_EXERCISE REQUIREMENTS_
Skip every image and restate the data word for word.

_MATERIAL PROVIDED_
○ ○ ○ ○

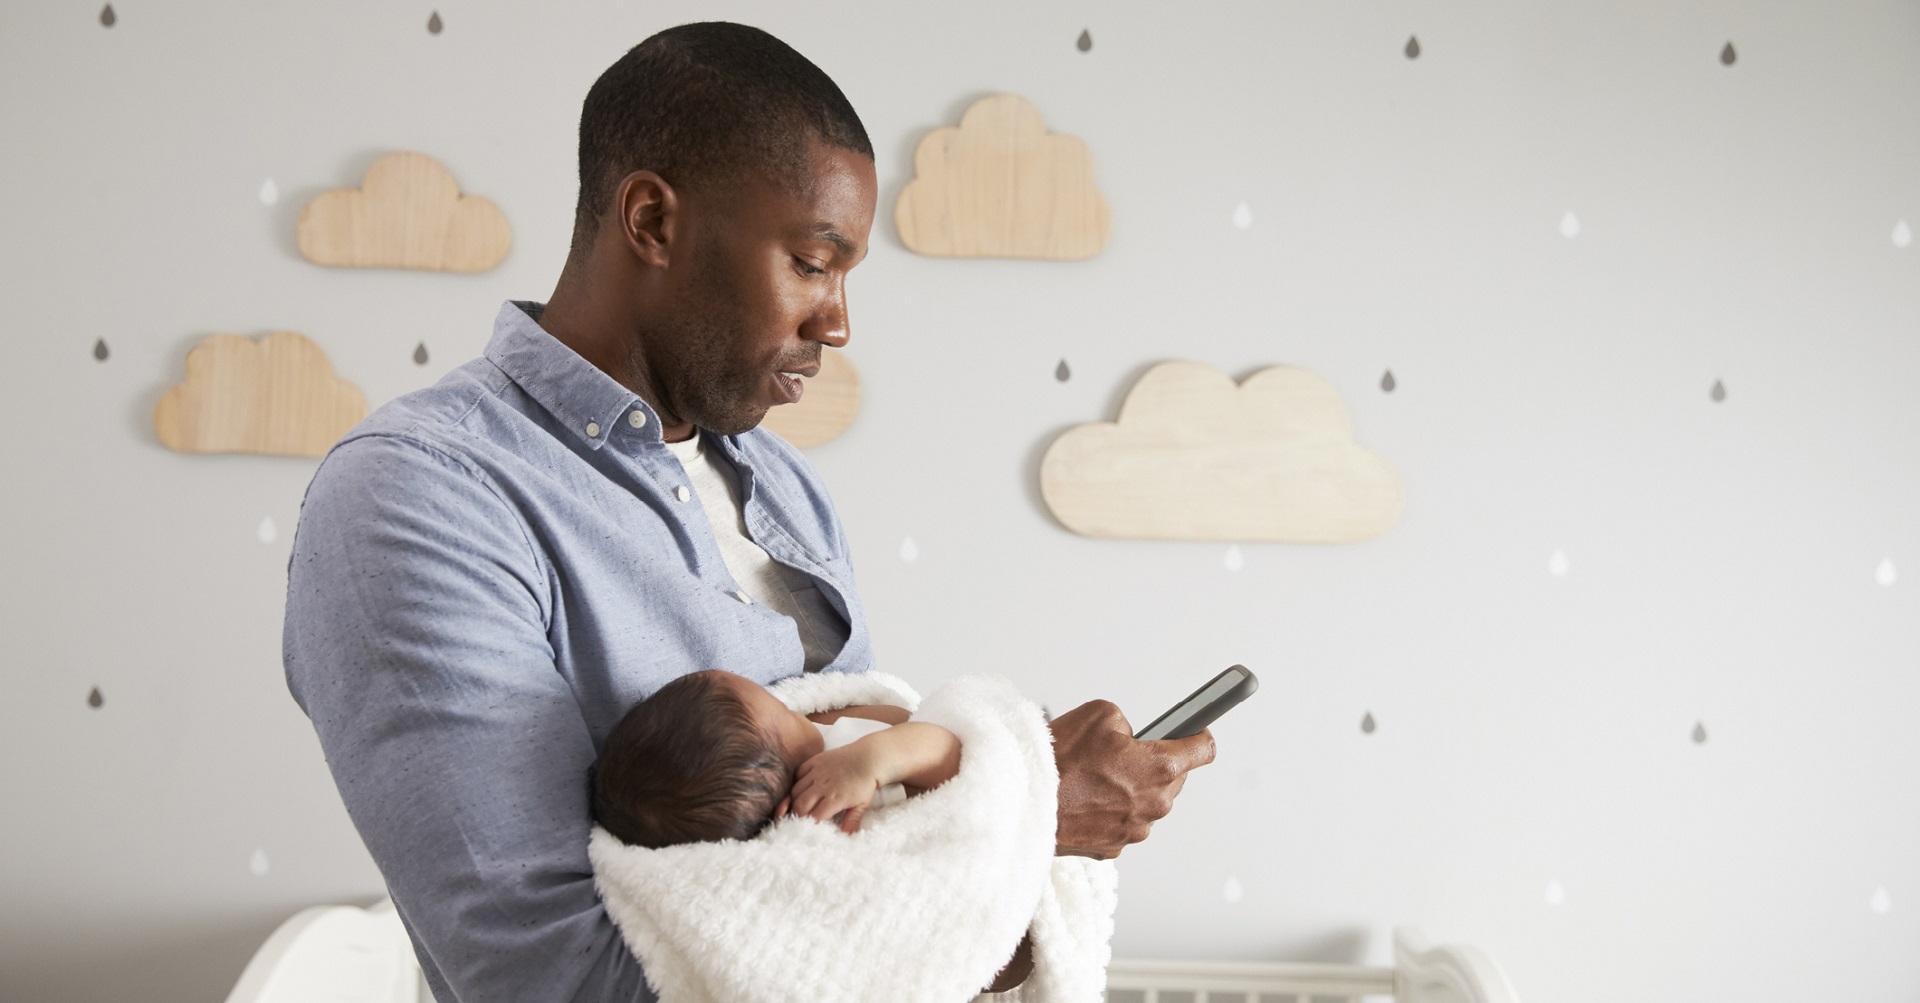 father holding baby in nursery on cell phone
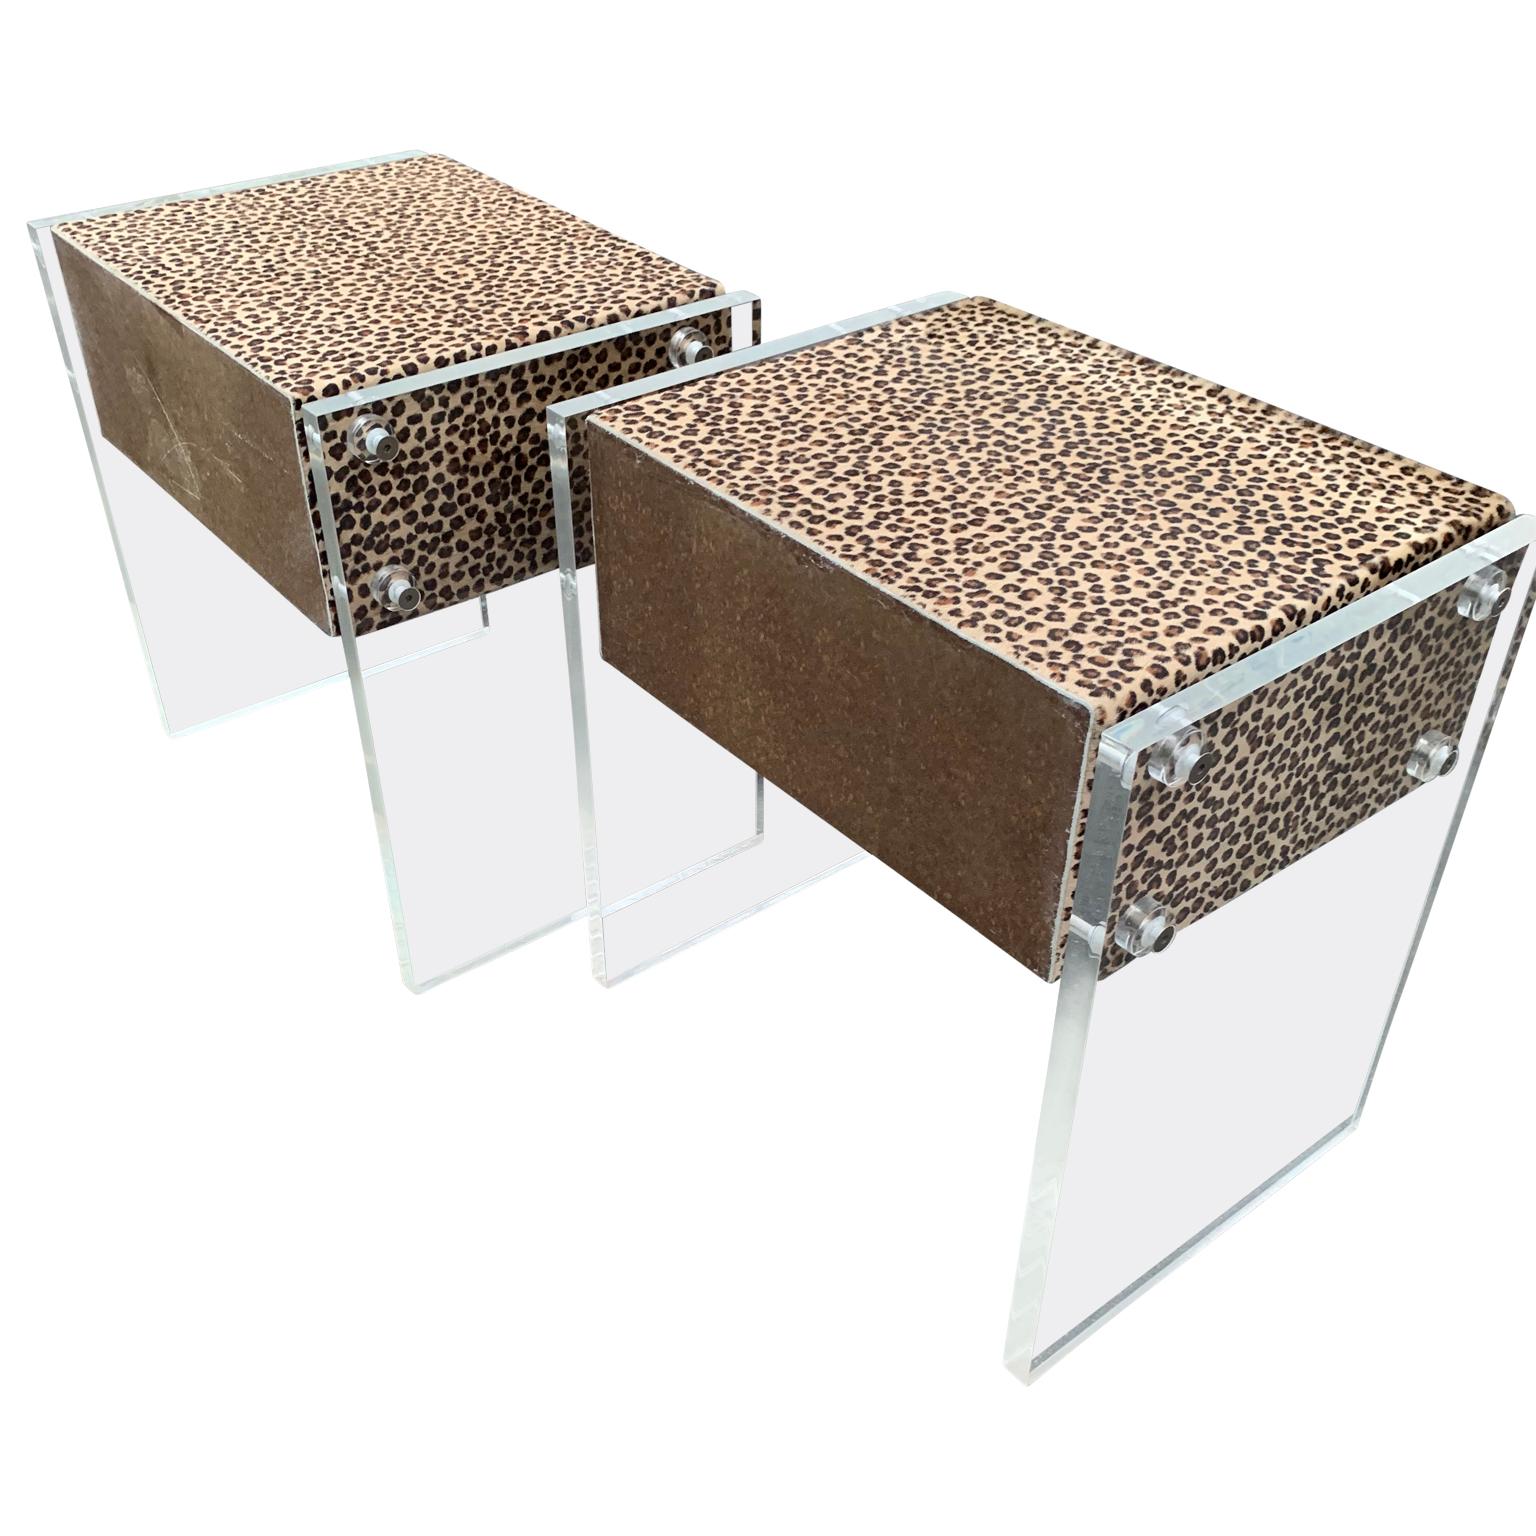 Pair of Faux Cheetah Skin Upholstered Nightstands with Lucite Side Panels (20. Jahrhundert)
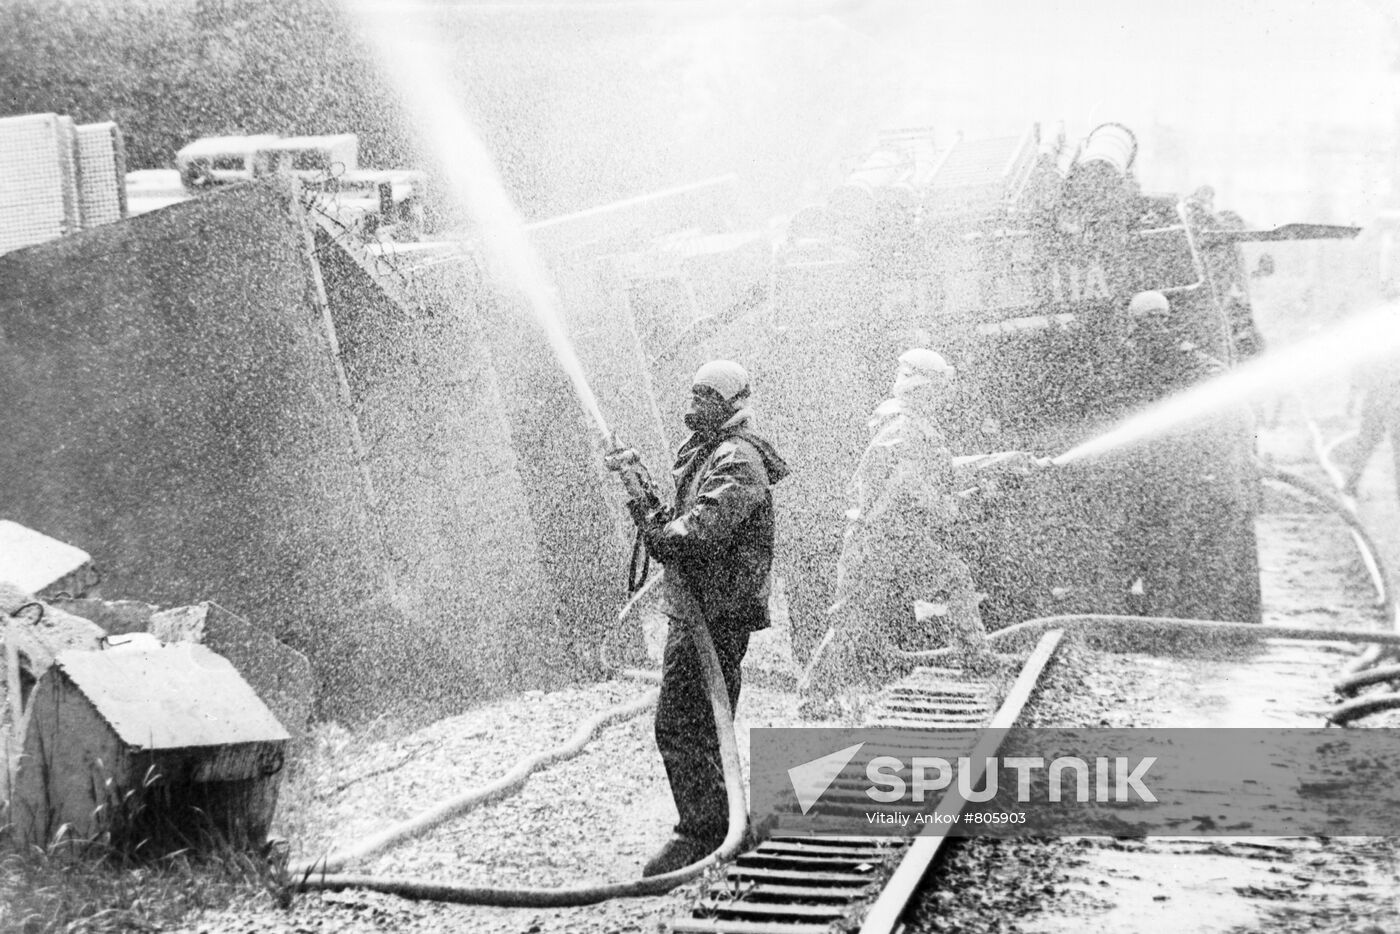 Decontamination on the Chernobyl Nuclear Plant site
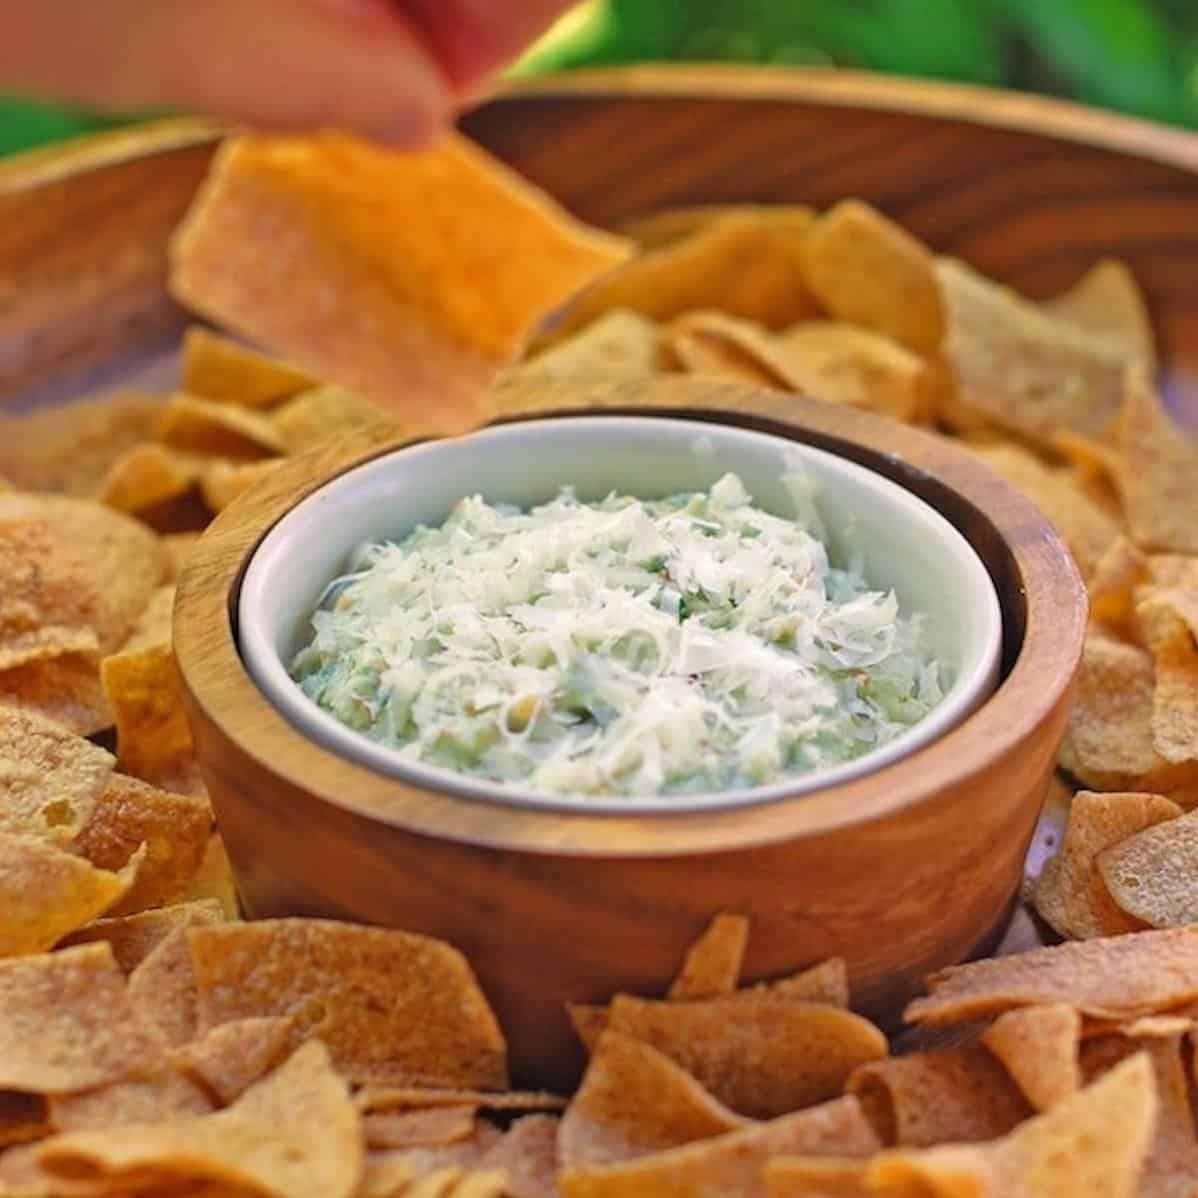  Garlic lovers, this one's for you! You won't be disappointed with this dip.

○ ○ ○ ○

_ANSWER TO THIS TASK_
 father holding baby in nursery on cell phone
 Pair of Faux Cheetah Skin Upholstered Nightstands with Lucite Side Panels (20. Jahrhundert)
 Decontamination on the Chernobyl Nuclear Plant site
  Garlic lovers, this one's for you! You won't be disappointed with this dip.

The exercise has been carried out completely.